• **TASK ITEM**:
Both the line below containing "Fabriquée avec soin" and the line containing "Pantalone lungo donna", along with every line between them, should be repeated exactly; no other line belongs in the answer.
___ INPUT DATA
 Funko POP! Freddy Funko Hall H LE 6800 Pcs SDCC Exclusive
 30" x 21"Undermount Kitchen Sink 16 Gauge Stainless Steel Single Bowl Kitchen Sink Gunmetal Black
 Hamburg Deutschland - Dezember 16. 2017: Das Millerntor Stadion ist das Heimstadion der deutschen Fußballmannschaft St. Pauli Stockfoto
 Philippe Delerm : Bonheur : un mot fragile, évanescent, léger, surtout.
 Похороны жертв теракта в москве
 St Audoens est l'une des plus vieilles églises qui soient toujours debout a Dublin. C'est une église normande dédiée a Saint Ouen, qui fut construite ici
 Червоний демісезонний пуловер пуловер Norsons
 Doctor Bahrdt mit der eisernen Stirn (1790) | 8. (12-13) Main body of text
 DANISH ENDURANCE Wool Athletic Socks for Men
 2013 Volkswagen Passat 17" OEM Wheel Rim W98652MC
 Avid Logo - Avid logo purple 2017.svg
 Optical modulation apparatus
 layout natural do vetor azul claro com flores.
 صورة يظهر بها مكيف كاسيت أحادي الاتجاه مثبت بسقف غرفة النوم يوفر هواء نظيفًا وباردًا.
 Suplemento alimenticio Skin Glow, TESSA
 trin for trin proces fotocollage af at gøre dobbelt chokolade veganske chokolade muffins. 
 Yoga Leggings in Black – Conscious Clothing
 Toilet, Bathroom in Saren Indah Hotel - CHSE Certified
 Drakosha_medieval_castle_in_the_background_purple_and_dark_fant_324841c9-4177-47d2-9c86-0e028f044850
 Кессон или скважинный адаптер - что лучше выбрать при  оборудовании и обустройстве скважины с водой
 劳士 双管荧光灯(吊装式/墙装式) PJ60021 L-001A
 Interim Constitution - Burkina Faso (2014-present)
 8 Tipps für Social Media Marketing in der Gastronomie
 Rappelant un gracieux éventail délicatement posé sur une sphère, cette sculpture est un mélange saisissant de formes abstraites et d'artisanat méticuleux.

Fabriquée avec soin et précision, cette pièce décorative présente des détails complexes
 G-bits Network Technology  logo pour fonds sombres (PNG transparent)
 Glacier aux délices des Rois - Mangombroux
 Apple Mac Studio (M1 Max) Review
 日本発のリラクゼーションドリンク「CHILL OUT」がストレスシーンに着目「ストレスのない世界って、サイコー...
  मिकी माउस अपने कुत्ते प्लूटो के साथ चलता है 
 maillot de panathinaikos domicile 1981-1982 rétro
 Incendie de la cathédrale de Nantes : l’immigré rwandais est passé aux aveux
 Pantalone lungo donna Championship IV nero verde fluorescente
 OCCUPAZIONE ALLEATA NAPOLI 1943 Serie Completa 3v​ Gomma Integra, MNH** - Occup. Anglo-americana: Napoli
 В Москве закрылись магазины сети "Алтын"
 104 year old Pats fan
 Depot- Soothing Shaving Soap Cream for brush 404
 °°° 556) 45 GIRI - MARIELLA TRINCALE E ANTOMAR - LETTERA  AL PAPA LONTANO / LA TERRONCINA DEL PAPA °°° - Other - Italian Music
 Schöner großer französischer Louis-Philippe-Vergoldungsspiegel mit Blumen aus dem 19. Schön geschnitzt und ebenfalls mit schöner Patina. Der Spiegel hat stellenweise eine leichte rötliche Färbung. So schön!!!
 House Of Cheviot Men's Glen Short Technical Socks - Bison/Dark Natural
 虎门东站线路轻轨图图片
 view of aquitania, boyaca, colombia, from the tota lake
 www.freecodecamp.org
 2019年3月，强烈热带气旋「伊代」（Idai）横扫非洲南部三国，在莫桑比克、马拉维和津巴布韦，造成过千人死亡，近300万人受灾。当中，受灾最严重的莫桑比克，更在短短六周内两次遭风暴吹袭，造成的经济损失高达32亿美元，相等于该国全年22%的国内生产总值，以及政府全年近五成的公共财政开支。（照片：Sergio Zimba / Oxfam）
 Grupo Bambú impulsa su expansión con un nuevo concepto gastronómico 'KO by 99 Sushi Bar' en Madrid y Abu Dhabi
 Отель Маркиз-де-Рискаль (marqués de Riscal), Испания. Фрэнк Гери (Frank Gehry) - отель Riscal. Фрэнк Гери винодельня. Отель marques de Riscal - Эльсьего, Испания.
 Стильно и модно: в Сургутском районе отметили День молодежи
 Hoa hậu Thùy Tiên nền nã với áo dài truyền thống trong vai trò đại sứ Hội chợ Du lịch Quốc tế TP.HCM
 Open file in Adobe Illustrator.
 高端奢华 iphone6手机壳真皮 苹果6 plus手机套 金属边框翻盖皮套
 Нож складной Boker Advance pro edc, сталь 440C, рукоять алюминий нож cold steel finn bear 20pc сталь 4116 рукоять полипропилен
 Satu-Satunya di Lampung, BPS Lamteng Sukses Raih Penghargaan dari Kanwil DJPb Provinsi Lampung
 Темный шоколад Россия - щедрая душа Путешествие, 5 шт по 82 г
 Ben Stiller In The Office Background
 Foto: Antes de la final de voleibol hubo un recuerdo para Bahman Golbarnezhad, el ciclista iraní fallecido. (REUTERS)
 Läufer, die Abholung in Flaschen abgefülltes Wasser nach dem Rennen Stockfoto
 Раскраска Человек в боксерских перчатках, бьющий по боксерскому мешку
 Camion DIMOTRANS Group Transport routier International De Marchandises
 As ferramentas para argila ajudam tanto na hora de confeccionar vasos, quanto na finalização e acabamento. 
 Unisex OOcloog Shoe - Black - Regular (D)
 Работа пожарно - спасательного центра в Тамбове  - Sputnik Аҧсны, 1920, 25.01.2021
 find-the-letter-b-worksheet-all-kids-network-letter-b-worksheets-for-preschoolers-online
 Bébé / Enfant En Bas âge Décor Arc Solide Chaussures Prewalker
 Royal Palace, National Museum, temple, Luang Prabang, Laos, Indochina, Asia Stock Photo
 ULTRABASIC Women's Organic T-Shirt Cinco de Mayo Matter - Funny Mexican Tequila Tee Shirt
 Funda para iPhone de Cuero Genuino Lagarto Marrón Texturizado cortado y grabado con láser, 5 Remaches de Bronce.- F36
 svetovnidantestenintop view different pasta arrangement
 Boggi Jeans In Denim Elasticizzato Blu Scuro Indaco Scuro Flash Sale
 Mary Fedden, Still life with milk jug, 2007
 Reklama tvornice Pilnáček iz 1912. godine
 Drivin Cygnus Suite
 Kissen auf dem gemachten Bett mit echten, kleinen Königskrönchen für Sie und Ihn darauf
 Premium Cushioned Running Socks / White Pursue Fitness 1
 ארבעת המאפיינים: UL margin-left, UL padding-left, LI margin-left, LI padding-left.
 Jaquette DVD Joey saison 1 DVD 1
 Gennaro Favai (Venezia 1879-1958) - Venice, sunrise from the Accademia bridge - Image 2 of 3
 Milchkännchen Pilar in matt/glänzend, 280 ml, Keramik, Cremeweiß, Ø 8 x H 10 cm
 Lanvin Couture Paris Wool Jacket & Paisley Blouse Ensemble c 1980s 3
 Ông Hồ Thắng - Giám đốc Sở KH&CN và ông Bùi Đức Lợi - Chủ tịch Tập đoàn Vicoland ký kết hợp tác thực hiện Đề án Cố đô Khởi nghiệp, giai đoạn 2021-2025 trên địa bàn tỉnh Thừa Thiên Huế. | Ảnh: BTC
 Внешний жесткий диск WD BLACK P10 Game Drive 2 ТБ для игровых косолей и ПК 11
______
• **ANSWER FOR THIS EXERCISE**:
Fabriquée avec soin et précision, cette pièce décorative présente des détails complexes
 G-bits Network Technology  logo pour fonds sombres (PNG transparent)
 Glacier aux délices des Rois - Mangombroux
 Apple Mac Studio (M1 Max) Review
 日本発のリラクゼーションドリンク「CHILL OUT」がストレスシーンに着目「ストレスのない世界って、サイコー...
  मिकी माउस अपने कुत्ते प्लूटो के साथ चलता है 
 maillot de panathinaikos domicile 1981-1982 rétro
 Incendie de la cathédrale de Nantes : l’immigré rwandais est passé aux aveux
 Pantalone lungo donna Championship IV nero verde fluorescente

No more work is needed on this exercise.